Todavía estaba allí. Hundido. No en tierra, sino en algo más antiguo, más hambriento. El mausoleo no era una construcción: era una boca. Una boca de piedra y hueso que me había tragado sin ruido, sin testigos, sin tiempo. Cada intento por salir era como escarbar en carne viva. La reja oxidada no era reja: era costilla. Y el óxido, sangre seca. Cada fierro retorcido parecía moverse apenas, como si respirara. Como si esperara.
Las beatas
del pueblo decían que ese camposanto no tenía guardianes, sino dueños. Que los
muertos no dormían, sino acechaban. Que el mausoleo más antiguo no era tumba,
sino umbral. Que quien entraba, no salía. Que quien salía, no era el mismo.
Yo, idiota,
acepté la apuesta. Una noche entera dentro del mausoleo. Borrachos,
tambaleantes, mi amigo y yo cruzamos chacras y acequias como si fuéramos niños
jugando a la muerte. El mausoleo nos recibió con una hoja entreabierta, como si
supiera que veníamos. Entramos. Reímos. Bebimos. Luego… silencio.
Desperté
solo. El aire era espeso, como si respirara barro. Intenté salir. La puerta
estaba cerrada. No recordaba cuándo ni cómo. Me arrastré entre lápidas rotas,
entre huesos que susurraban. Cada intento por alcanzar el gozne era una
tortura: el metal me quemaba, como si tuviera veneno. Algo tibio y viscoso se
deslizó por mi tobillo. ¿Sangre? ¿Lodo? ¿Otra cosa? El sudor frío me empapaba.
Sentía que me deshacía. Que mi cuerpo se volvía tierra. En mi delirio, vi
luces. ¿El amanecer? ¿La muerte? No lo sé. Con un último esfuerzo, tomé el tubo
macizo y lo corrí con toda mi alma. Luego… nada.
Una semana
después, mi amigo me contó lo que él vivió:
—Después de
la apuesta, salimos abrazados, tambaleando. Nos caímos mil veces. Llegamos al
cementerio por las chacras de atrás. El mausoleo estaba como siempre: abierto.
Entramos. Bebimos. Reímos. No sé cómo salí. Desperté en la chacra posterior,
con la cabeza como tambor. Volví al cementerio a buscarte. Pero la puerta del
mausoleo estaba cerrada. Con candado. Te busqué por todos lados. Nada.
Mientras
caminaba entre las cruces, escuché murmullos. Bajos. Leves. Luego más fuertes.
Decían: ¡Ahí no! ¡Por gusto! ¡Vete! Me detuve. Pensé que era el viento.
Pero no. Venían de los nichos rotos. De los ataúdes colgantes. Vi sombras moverse.

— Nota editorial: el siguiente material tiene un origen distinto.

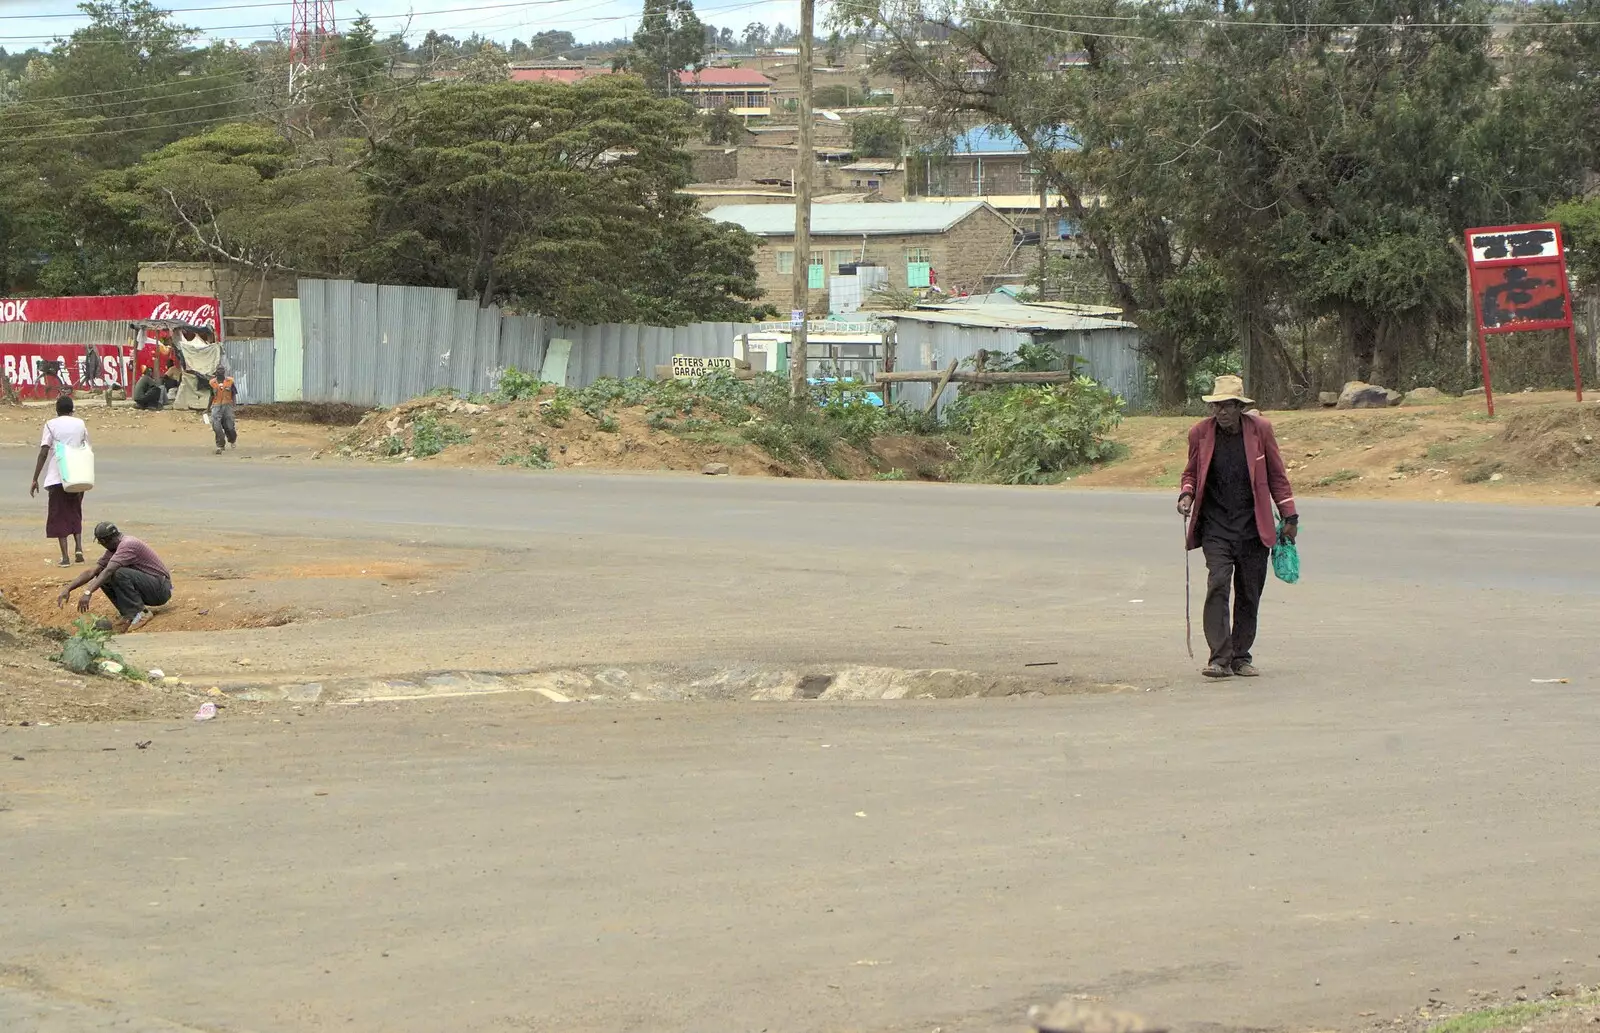 An old dude walks around, from Nairobi and the Road to Maasai Mara, Kenya, Africa - 1st November 2010

Vi dedos huesudos asomarse. Escuché voces: ¡Él es de aquí! ¡Vete! ¡O te
quedas en su lugar! Corrí. Tropecé con una cruz de infante. Caí de bruces
junto a una sepultura recién abierta.
Y ahí estabas
tú.
Tu cuerpo. Tu
rostro. Tus ropas. Todo tú. Pero muerto. Sepultado. Como si hubieras estado
allí desde hace años. Como si nunca hubieras salido. Como si el mausoleo te
hubiera tragado, digerido y escupido como ofrenda.
Intenté
gritar. Pero el aire se volvió barro. Las lápidas se reían. Las cruces se
torcían. El cielo se cerraba. Corrí. No sé cómo salí. No sé cómo sigo vivo.
Desde
entonces, nadie se acerca al mausoleo. La hoja entreabierta ya no existe. El
candado está oxidado, pero firme. Las beatas rezan más fuerte. Las leyendas
crecen. Dicen que el cementerio no acepta visitas. Que el que entra, se queda.
Que los muertos no están solos. Que buscan compañía.
Y yo… yo no
duermo. Porque cada noche, escucho tu voz. Desde la tierra. Desde el mausoleo. Desde mi culpa.